A través del rugido de la lluvia, escuché abrirse la puerta principal.
-¡Arturo! -la voz de Vanessa-. ¡Se cayó! ¿Debería llevarle un paraguas?
Levanté la cabeza. Vanessa estaba allí, sosteniendo un gran paraguas negro. Parecía una santa.
-No -la voz de Arturo se transportó sobre el viento, amplificada por su autoridad Beta-. Déjala. Está haciendo esto para llamar la atención. Si sales ahí, te resfriarás. Entra, Vanessa.
Agarró el brazo de Vanessa y la jaló hacia adentro. La puerta del balcón se cerró. Las cortinas se corrieron.

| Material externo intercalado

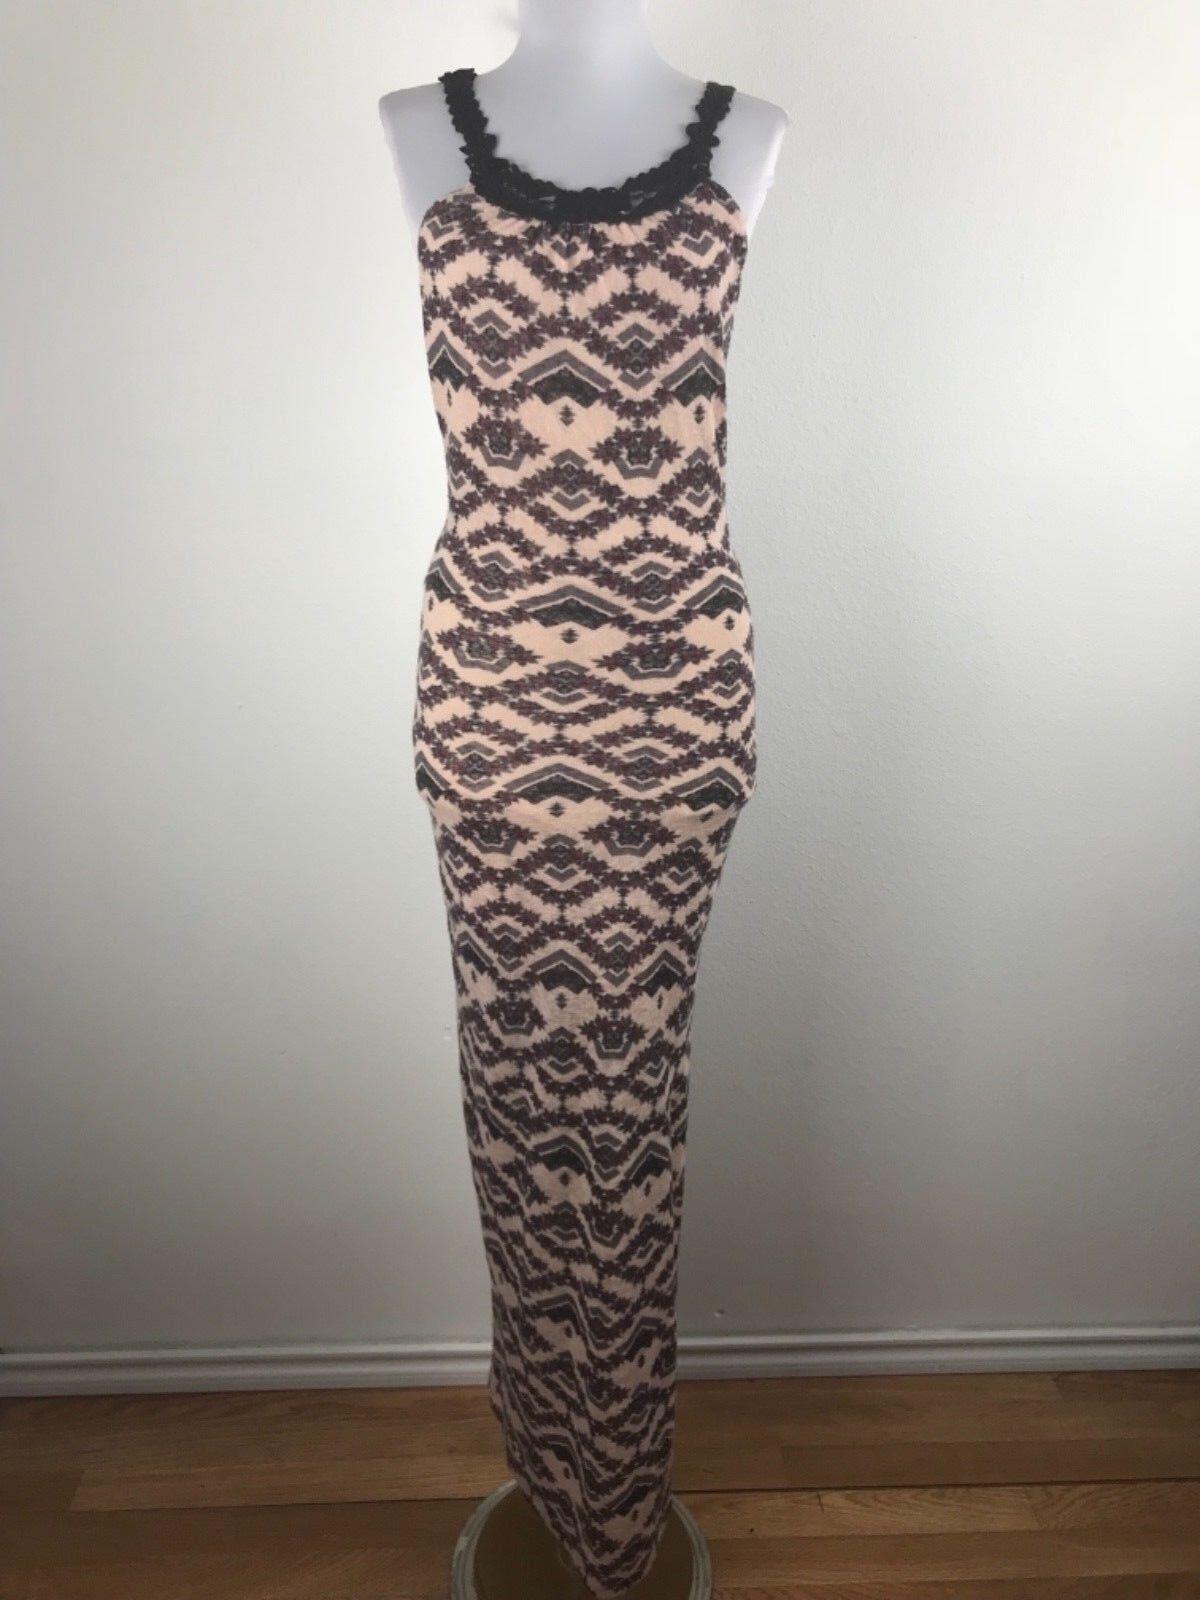 Free People Maxi Dress Sz M Rosa Floral Crochet Sleeveless Side Vent Racer Back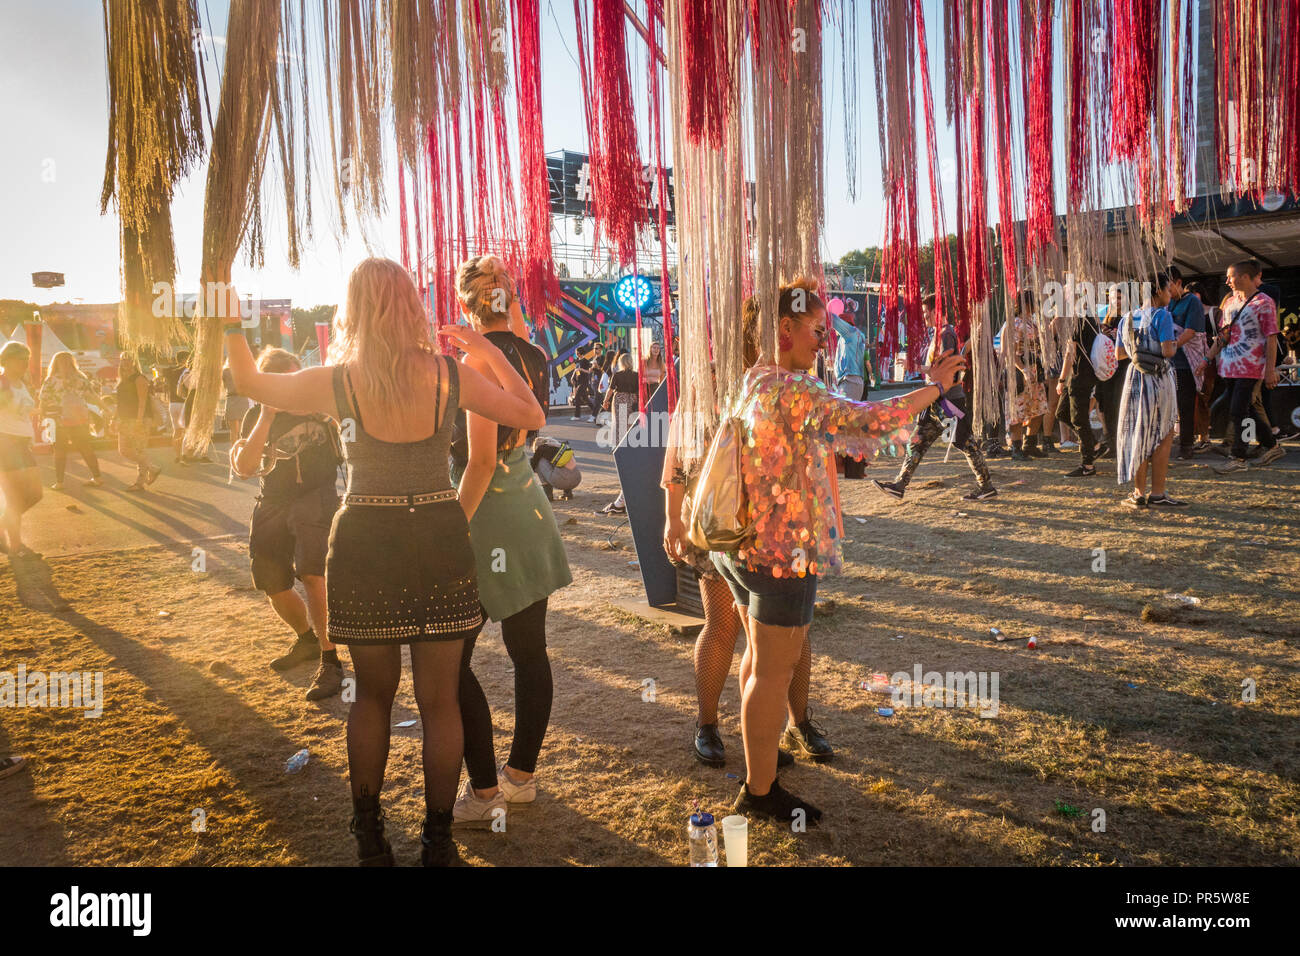 Lollapalooza music festival 2018 Berlin - Stock Image

Estaba sola en la tormenta.
Apoyé mi mejilla contra las piedras frías. *Así que esto es todo*, pensé. *Muero en el camino de entrada de la casa que construyó mi padre.*
Unos faros cortaron la oscuridad.
Un auto negro elegante, una camioneta blindada, rugió subiendo por el camino. No era un auto de la manada. No tenía el escudo de la Manada Luna de Plata.
Frenó con un chirrido a centímetros de mi cabeza.
La puerta se abrió de golpe. Un hombre salió.
No corrió; se movió con una gracia depredadora que hizo que la lluvia pareciera ralentizarse. Era alto, de hombros anchos, vistiendo una gabardina oscura.
Se arrodilló a mi lado. Su mano tocó mi hombro.
¡Zas!
Un rayo no golpeó el suelo; me golpeó a mí.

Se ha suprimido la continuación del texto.